▶ Data provided:
==================================================

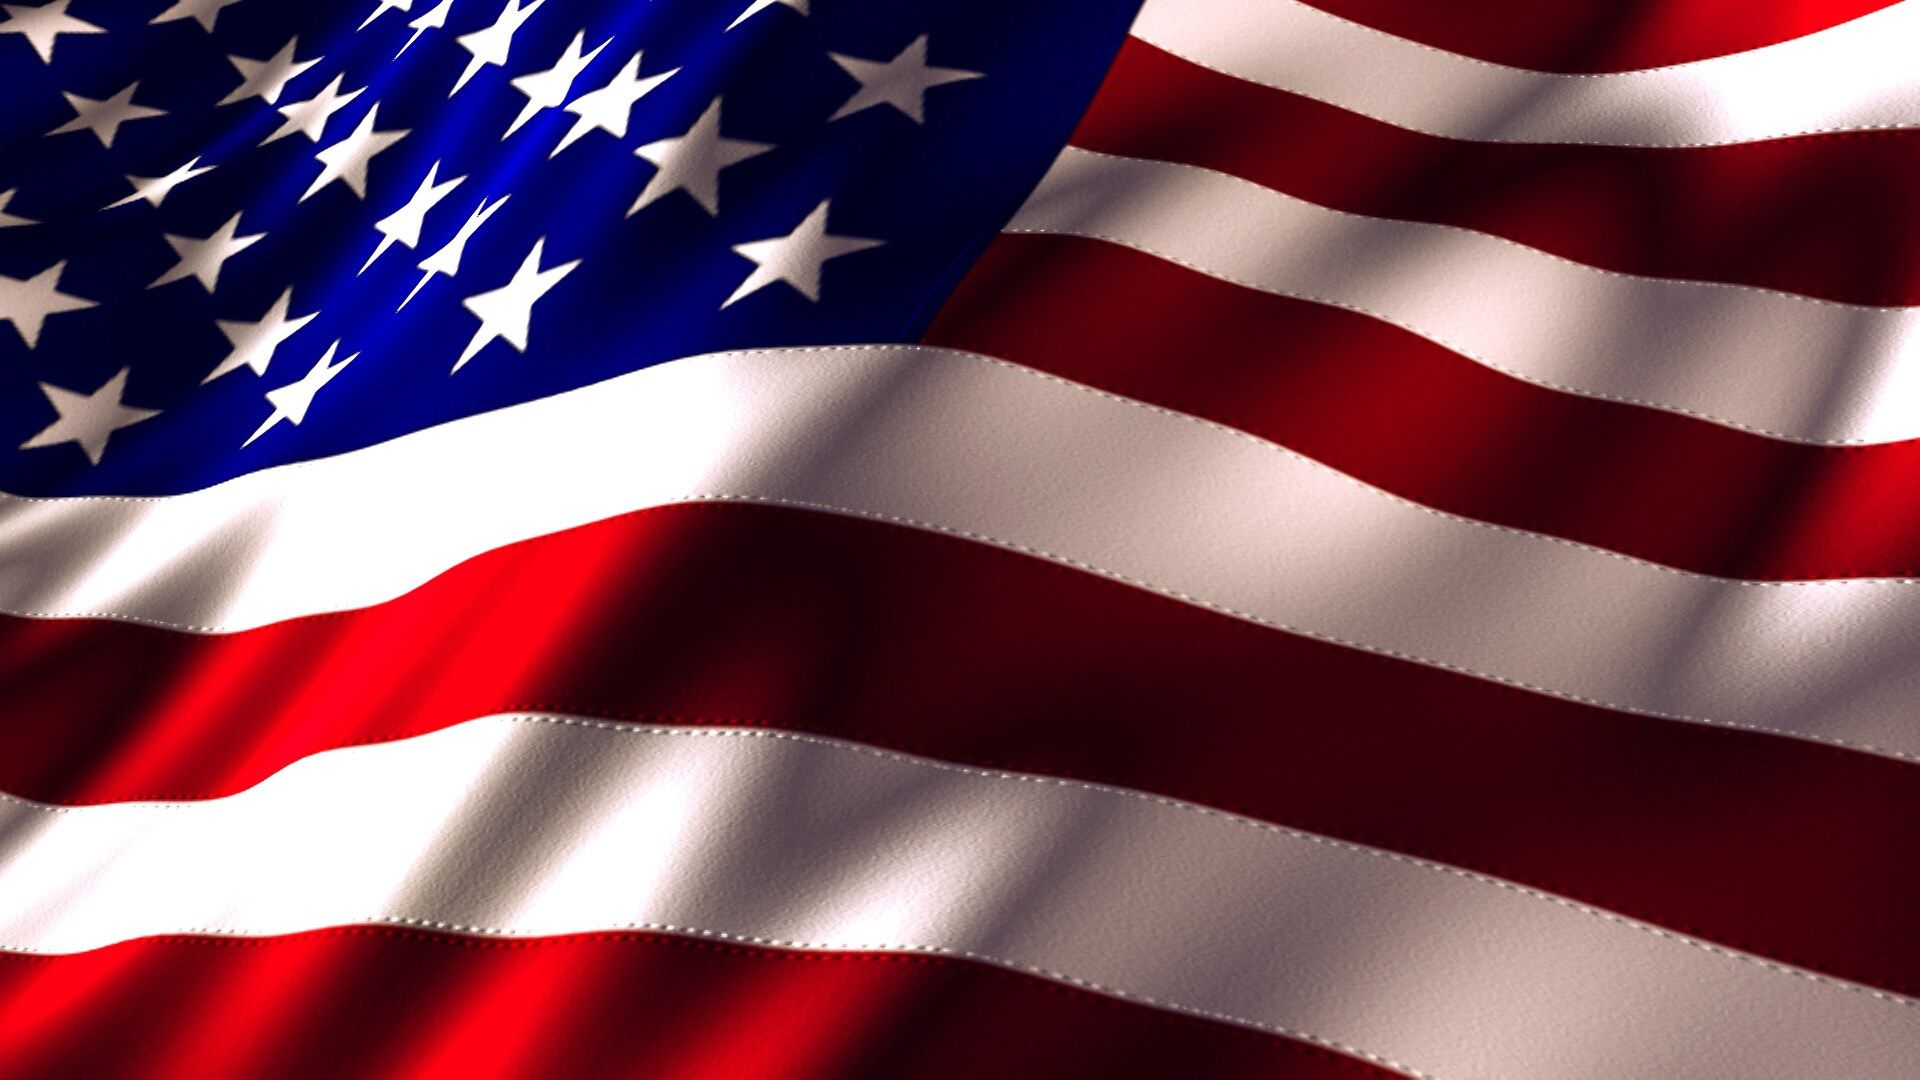 American Flag Wallpaper Hd Pack American Flag Wallpaper American Flag Flag
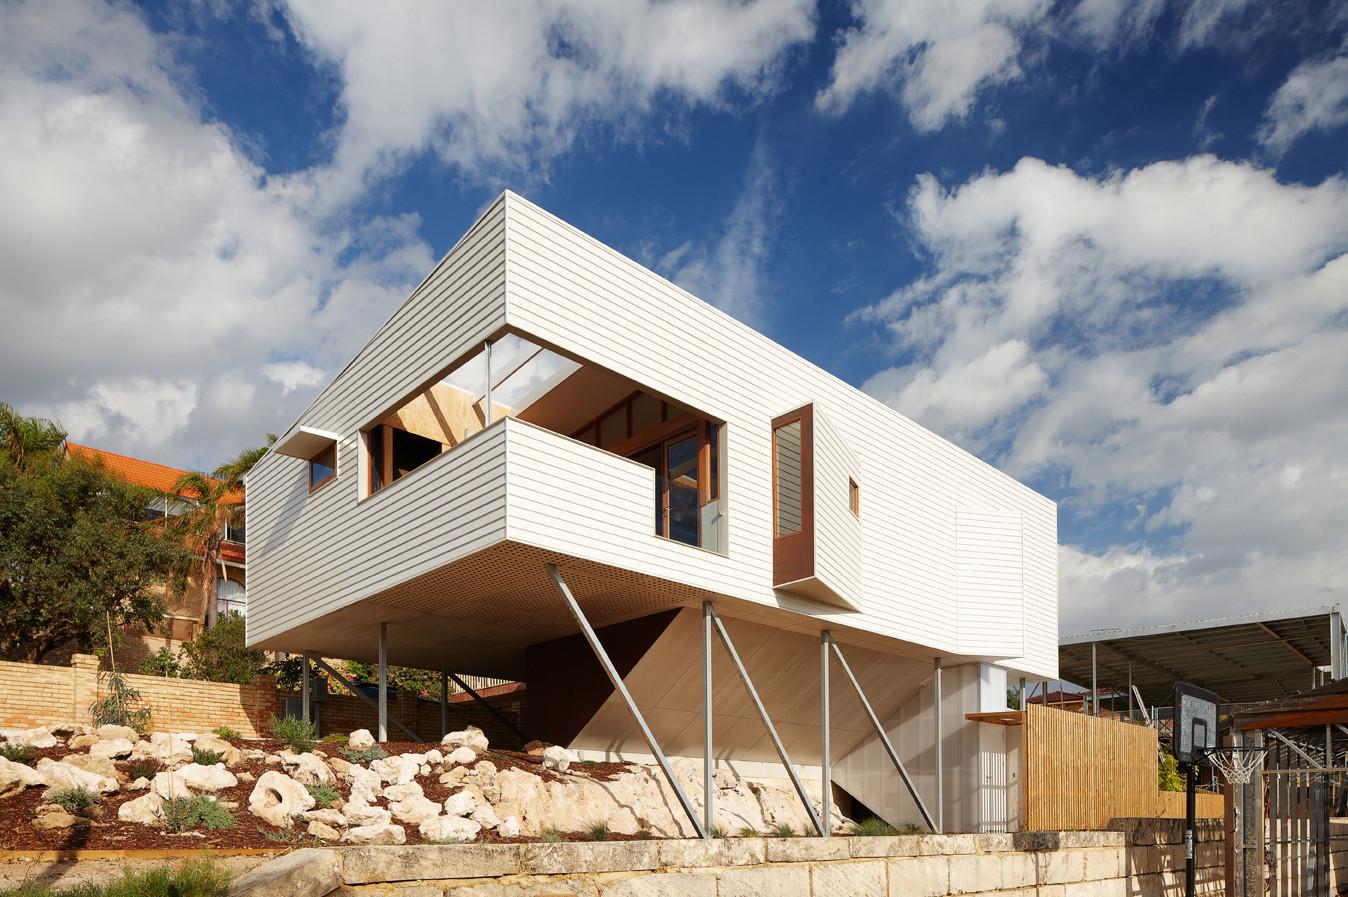 Suburban Beach House / David Barr + Ross Brewin, © Robert Frith
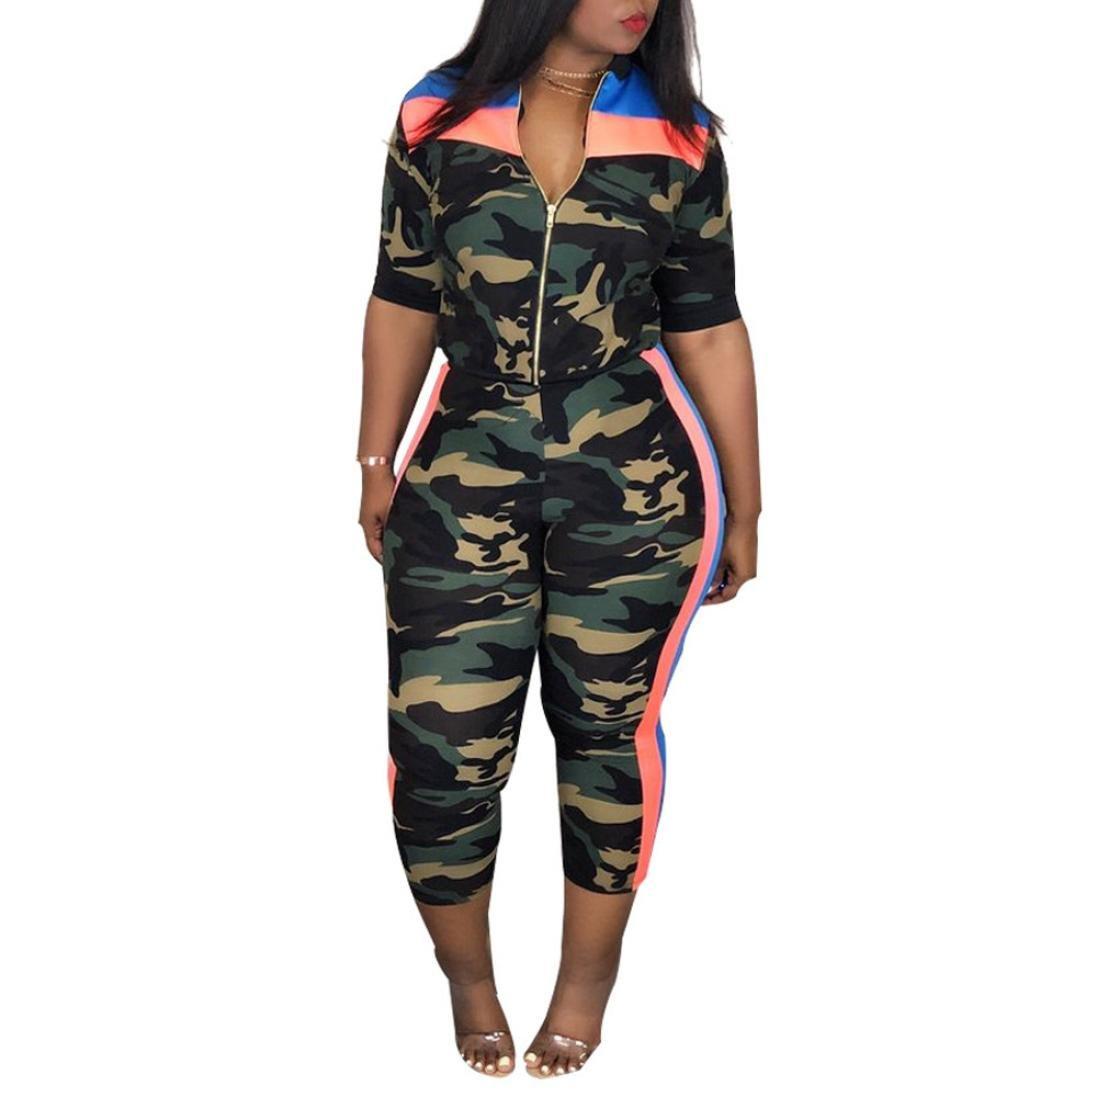 Orangeskycn Sweatshirt For Women Zipper Camouflage Stripe Tops Loose Coat Long Pants

==================================================

▶ Work instruction:
Please print the material exactly as given above, omitting the pictures.

▶ Your solution:
 American Flag Wallpaper Hd Pack American Flag Wallpaper American Flag Flag
 Suburban Beach House / David Barr + Ross Brewin, © Robert Frith
 Orangeskycn Sweatshirt For Women Zipper Camouflage Stripe Tops Loose Coat Long Pants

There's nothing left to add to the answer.